START SUPPLIED DATA
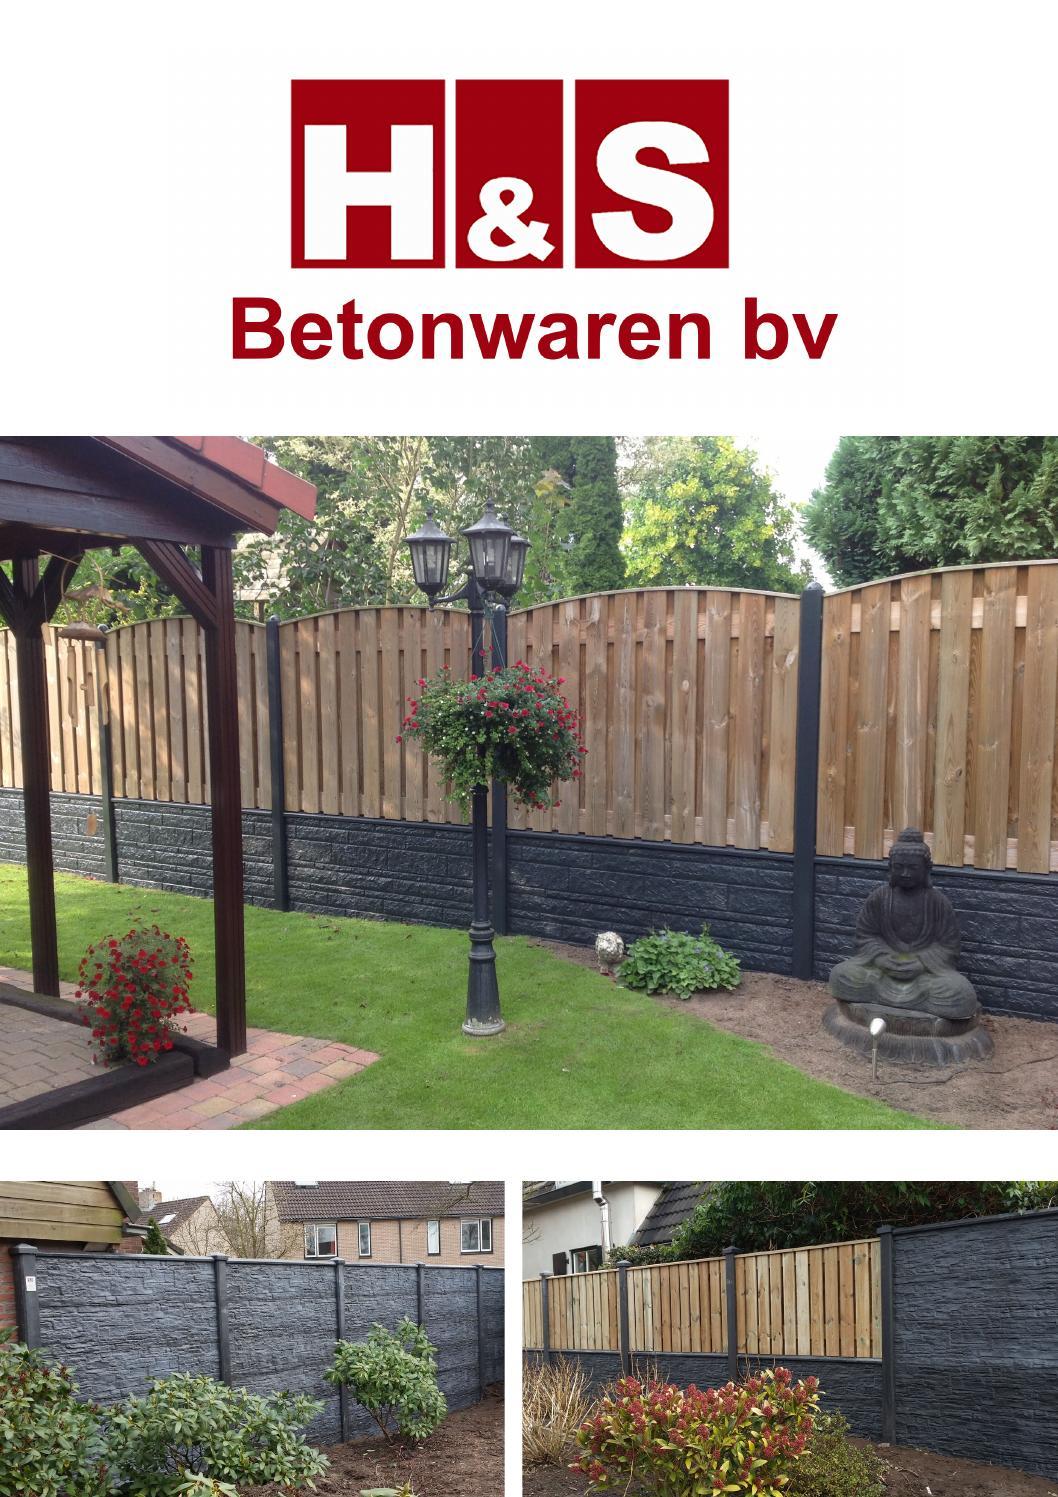 H&s betonwaren bv by hsbetonwaren   issuu
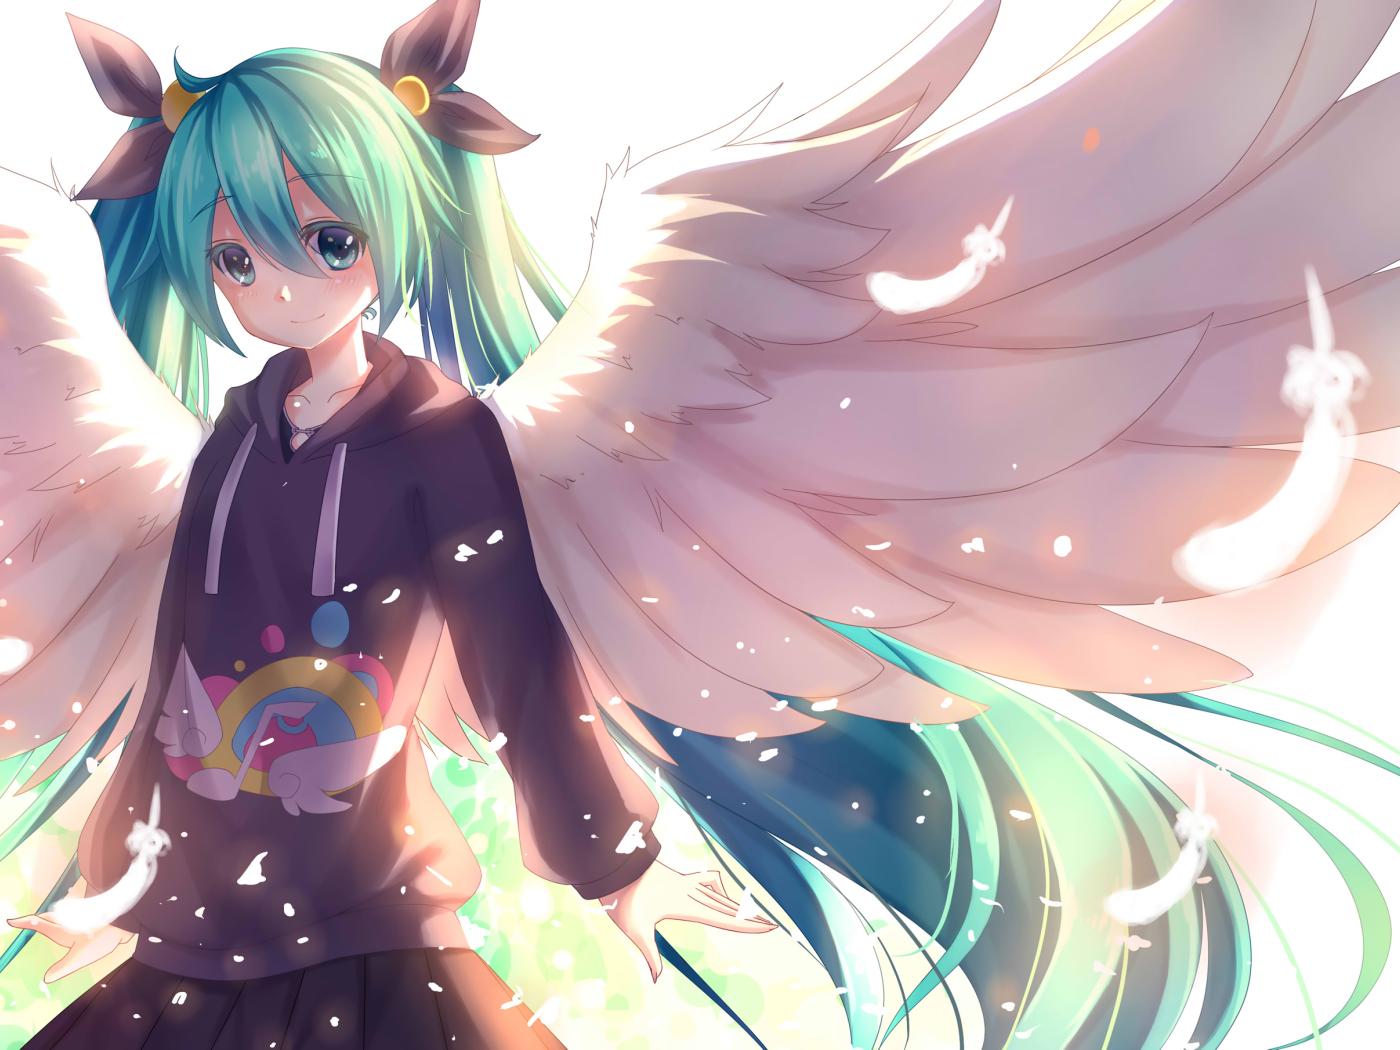 Download Vocaloid, Girl, Hatsune Miku 1400x1050 Resolution
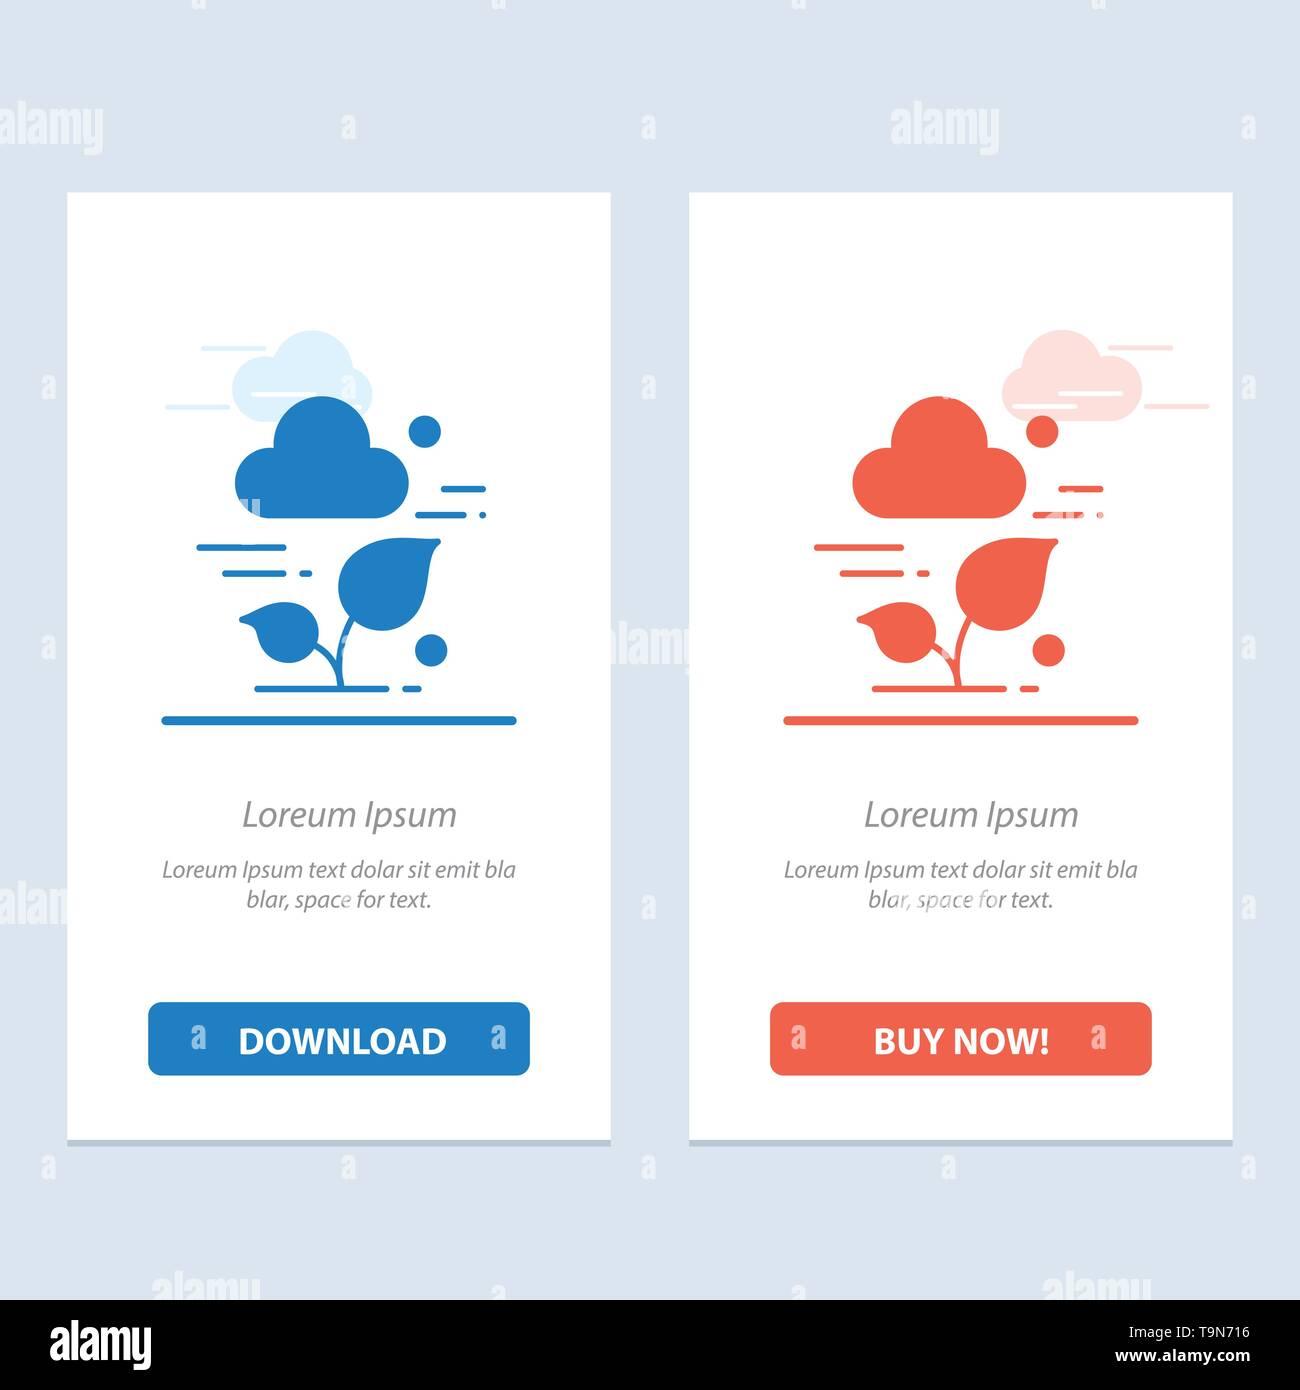 Pflanze, Cloud, Blatt, Technologie Blau und Rot Jetzt herunterladen und Web Widget Karte Vorlage kaufen Stockbild
END SUPPLIED DATA
**EXERCISE DETAILS**
Give an exact copy of the data, and omit any pictures it holds.

**YOUR SOLUTION**
 H&s betonwaren bv by hsbetonwaren   issuu
 Download Vocaloid, Girl, Hatsune Miku 1400x1050 Resolution
 Pflanze, Cloud, Blatt, Technologie Blau und Rot Jetzt herunterladen und Web Widget Karte Vorlage kaufen Stockbild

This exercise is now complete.